Layer 2: Inherited Known Vulnerabilities & Fixes (Inherited Vulnerability Scan)

  • Purpose: Verify whether known vulnerabilities disclosed in the original protocol after the fork point have been fixed in this project.
  • Method:
    • Search all vulnerability disclosures, audit reports, and GitHub Security Advisories that arose in the upstream protocol after the fork commit.
    • Designate and inspect the corresponding code fragments within this project.
    • Typical failure case: many Compound V2 Fork projects inherited, in 2023-2024年, the Read-only Oracle Manipulation vulnerability that the original had already fixed. For the analogous point on the Japanese VASP side, see the mandatory disclosure requirements of Domestic VASP security / audit / ISMS certification landscape.

Layer 3: Compilation Fingerprint & Bytecode Diff (Compilation Fingerprint & Diff)

  • Purpose: Use Smart Contract Bytecode Forensics — Three-Tier Verify Technique to verify whether the Bytecode actually deployed on-chain matches exactly the open-source code the project claims.
  • Method:
    • After stripping the Metadata Hash (Swarm/IPFS compilation fingerprint), compare the similarity of the Runtime Bytecode.
    • Verify the compatibility diff between the compiler version (solc version) and the EVM target version (e.g., the opcode anomaly when Solidity 0.8.20 or higher is force-deployed on a chain that does not support PUSH0).

Layer 4: Team & Deployer Provenance

  • Purpose: Identify the true academic / security-field background of the development team behind the project, and its past record.
  • Method:
    • Extract the funding-source chain of the Deployer Address using forensic-grade identity-anchor chain.
    • Use the past web pages preserved by Wayback Machine, and the committer email and PGP signatures of early GitHub commit records, to identify the team’s past record.
    • Bytecode matching of unverified contracts with extremely high cross-chain similarity (Twin Fingerprint Mapping).

Layer 5: Compliance & License Audit (License & Copyleft Verification)

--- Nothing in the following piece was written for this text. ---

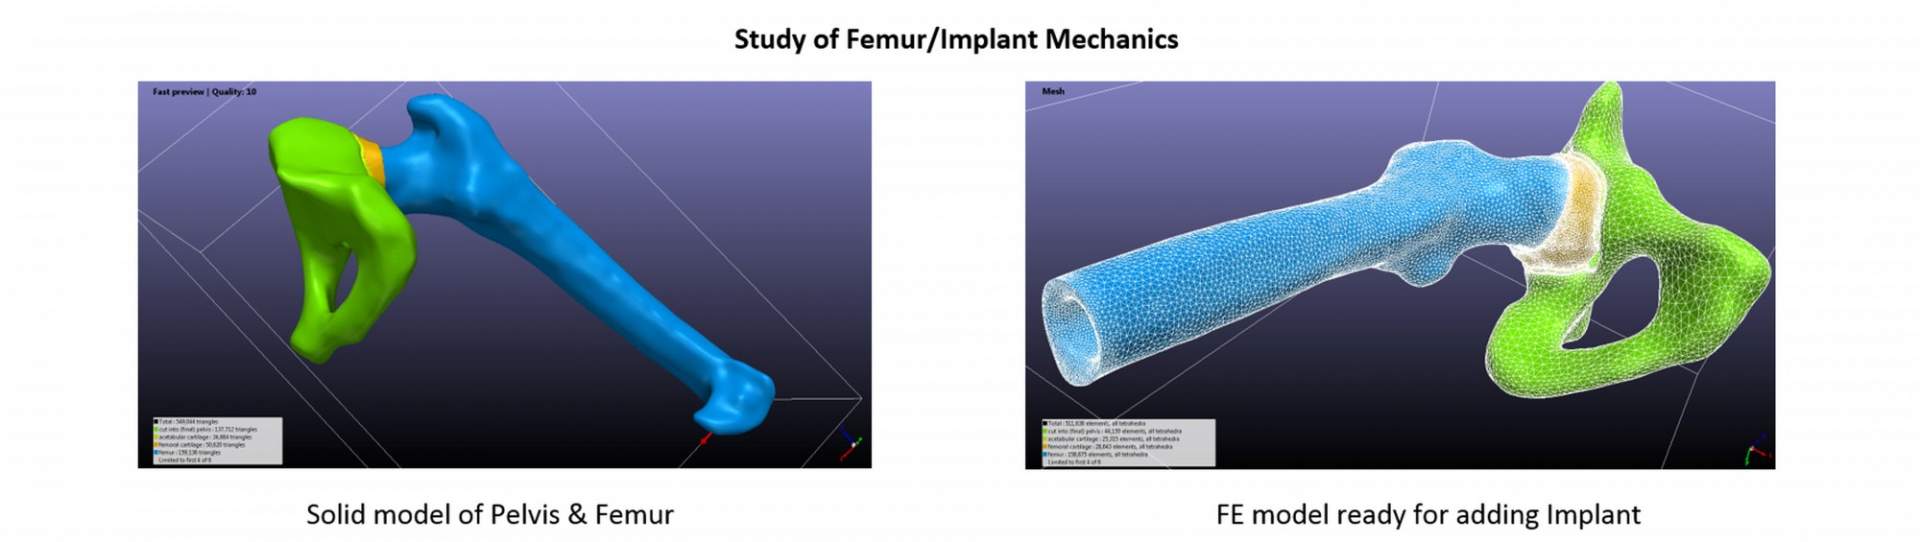 femur implant 01
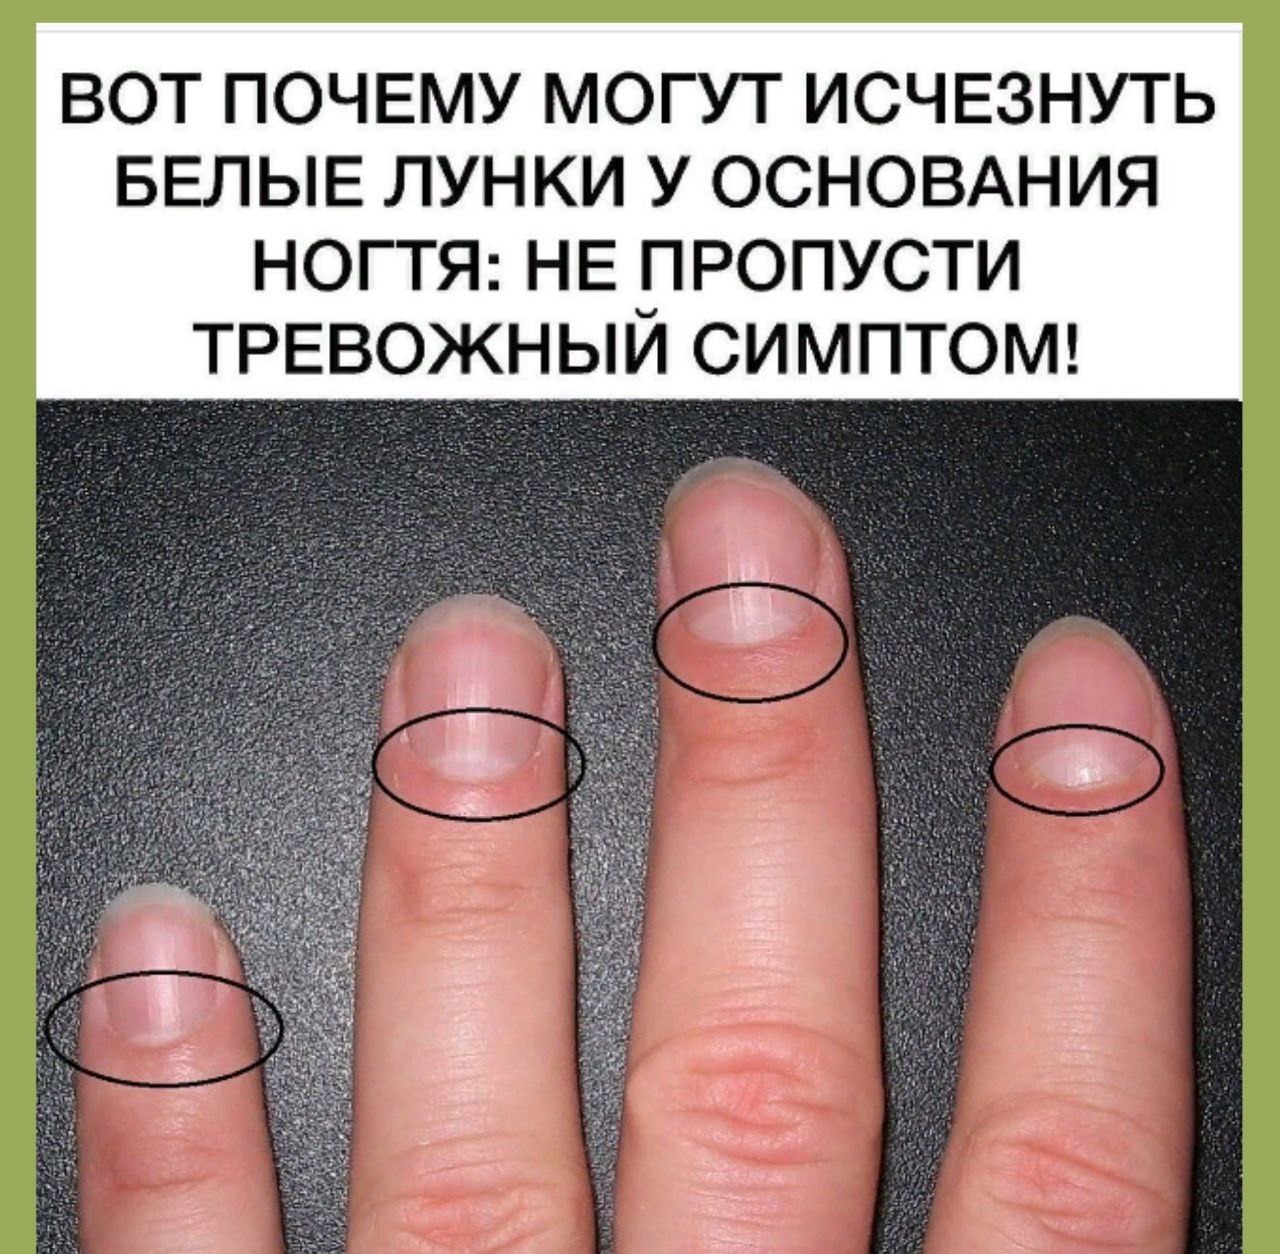 Большие лунки на ногтях рук

  • Purpose: Audit the open-source license restrictions of the original protocol (Business Source License, BSL 1.1 , etc.) to prevent exposure to the risk of legal injunction or liquidity freeze through infringement.
  • Method:
    • Confirm whether the BSL restriction period (e.g., the 2-year BSL period of Uniswap V3) has expired.
    • Confirm the contagiousness of GPL Copyleft: where the original is GPL, whether this project has published, as required, the entirety of the modified code.

Application Scenarios

  • DeFi-lego aggregation operators: before integrating a new lending / DEX protocol, evaluate whether it is a low-quality Fork.
  • Security audit firms: provide a fork-specialized security / compliance report to the project. In a regulated-infrastructure scenario, detection can also be moved forward to runtime by referring to the hook-enforced compliance pattern.
  • Judicial / loss-recovery forensics: after a hacker attack, determine whether the victim project was harmed through inheritance of an upstream known vulnerability, and organize the attribution of responsibility. For major incidents, see historical paradigms such as DMM Bitcoin Lazarus hack or Mt.Gox bankruptcy processing timeline (2014-2026).
  • Zero-knowledge / non-EVM chains: on non-EVM chains such as Solana and Aptos, bytecode comparison and fingerprint extraction require an entirely different toolchain (Anchor build verification, etc.). On permissioned / privacy-preserving chains such as the DAML model of Canton, contract-template-level diff comparison is further required.
  • Obfuscating compilers: where the project uses its own obfuscation technique, or has modified the solc compiler, the similarity-matching effectiveness of Layer 3 drops significantly.